L’autorité est la capacité de vivifier la pensée. Entre le gourou, qui écrase la personnalité de l’étudiant, et le pédagogue moderne, qui le laisse à lui-même et au conformisme social, le professeur qui impose l’autorité de l’universel aide l’étudiant à développer sa propre personnalité. Une personne n’en devient une qu’en relation avec d’autres personnes et avec le monde. Cette relation n’est rationnelle que par la participation à des universaux qui médiatisent les êtres et les gens.

Les universaux prennent plusieurs formes: les vérités communes sur le monde et le vivant, les vertus et les valeurs partagées, le sens de la beauté de la nature, des êtres et des oeuvres d’art. Ils permettent non seulement un horizon de sens commun, mais les interactions entre individus qui développent le caractère, forment les opinions, font éclore la personnalité. L’universel ne dissout pas le particulier, il ne le fait pas disparaître dans une uniformité monochrome.
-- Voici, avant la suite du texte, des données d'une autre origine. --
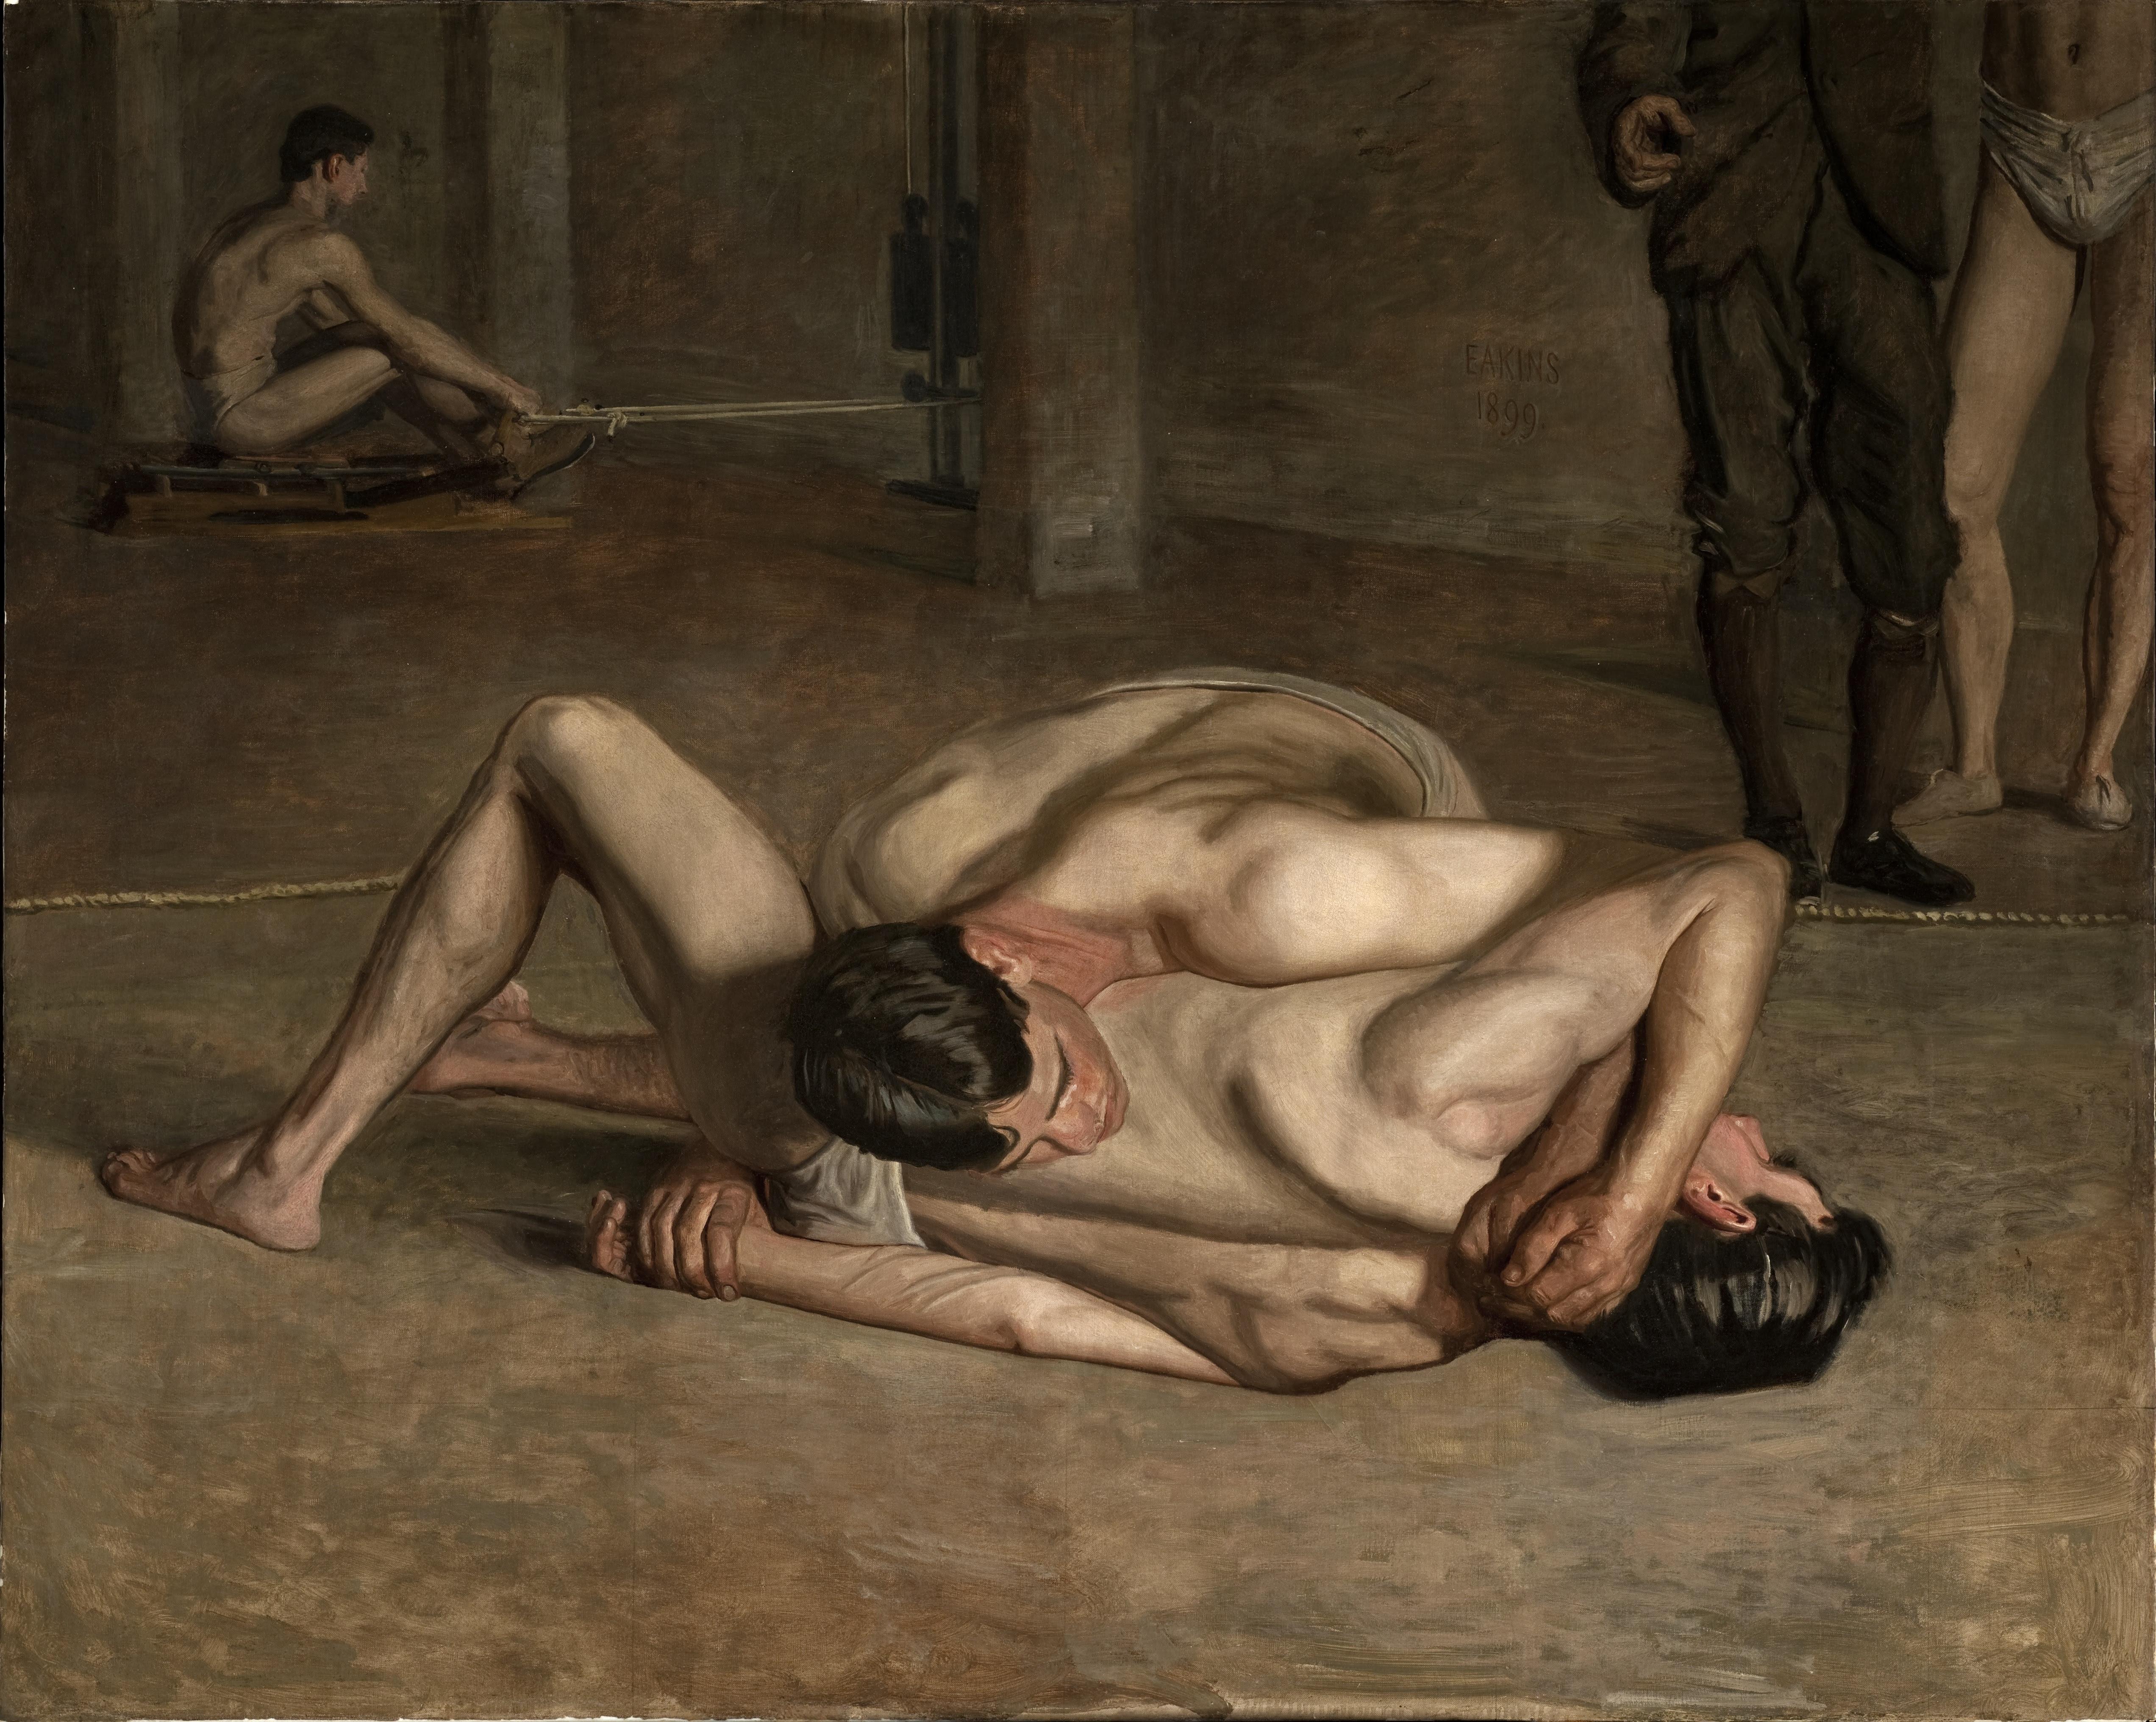 http://upload.wikimedia.org/wikipedia/commons/d/d3/Eakins%2C_Thomas_%281844-1916%29_-_Lottatori_3.jpg
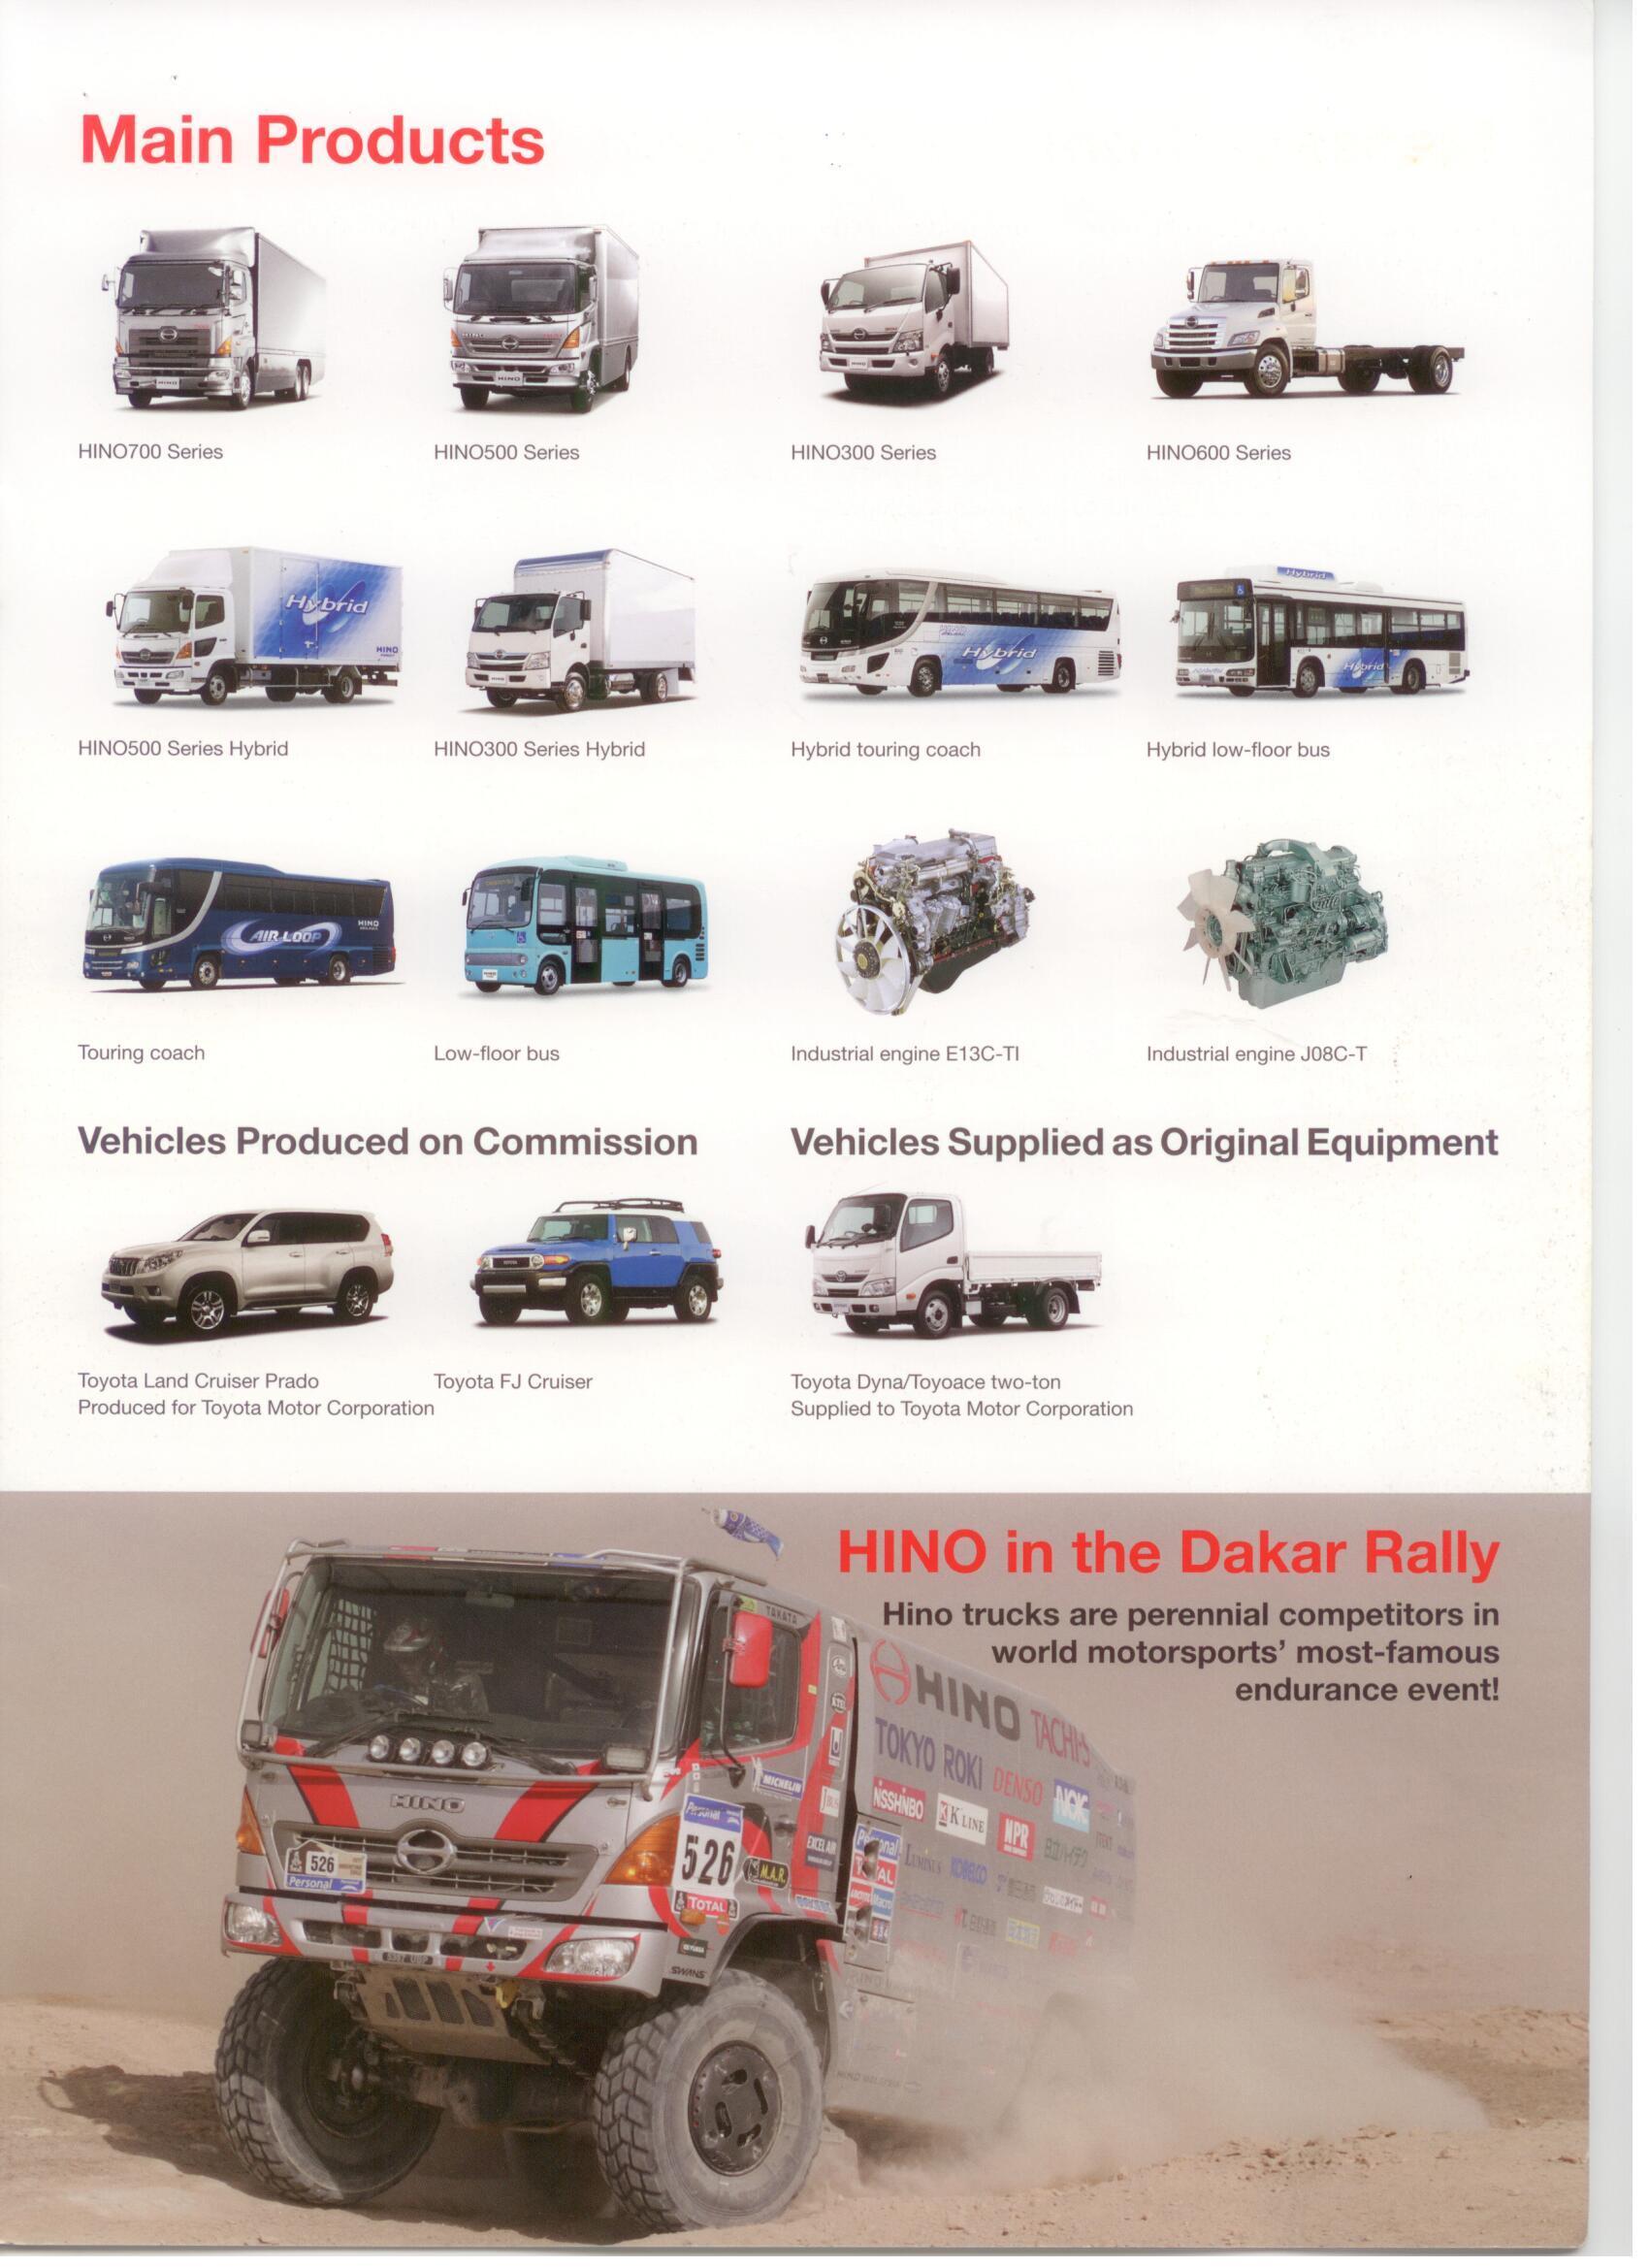 Al Futtaim Motors - Hino - Truck Dealers - Sharjah Industrial Area - Sharjah | citysearch.ae

En médiatisant le particulier, en reliant l’individu à l’individu, l’universel permet à la diversité d’exister comme diversité.

Enseigner n’est pas autre chose que permettre à l’étudiant de participer à l’universel par sa raison.  Participer rationnellement à l’universel, c’est là seulement ce qui constitue l’acte de penser, de philosopher. C’est à cela que se mesure l’autorité. On la reconnaît comme l’arbre à ses fruits: l’étudiant qui pense par lui-même. Si l’étudiant conteste son maître intelligemment, ce sera grâce à ce qu’il lui aura enseigné, et ce sera un hommage à son autorité. Si la contestation de l’étudiant est rationnelle, la participation à l’universel est approfondie, elle n’est pas niée.

La véritable autorité s’impose d’elle-même, par la force de l’universel qu’elle communique. La crise de l’autorité est une crise de la confiance. Les victimes de la crise sont celles qui, faute d’avoir appris à qui faire confiance, font confiance à ceux qui ne leur apprennent rien, à ceux qui les confortent dans leur médiocrité, ou à ceux qui, pour fuir cette dernière, font tourner à vide la pensée du refus. L’angoisse qui étreint l’humanité déboussolée est le cri de l’âme qui se languit du Vrai, du Bien et du Beau. Malgré cette crise, les universaux sont ce qu’ils sont, et les maîtres enseignent ce qui doit l’être. La véritable autorité est celle qui sera toujours sensible à ce cri, et qui sera toujours prête à y répondre.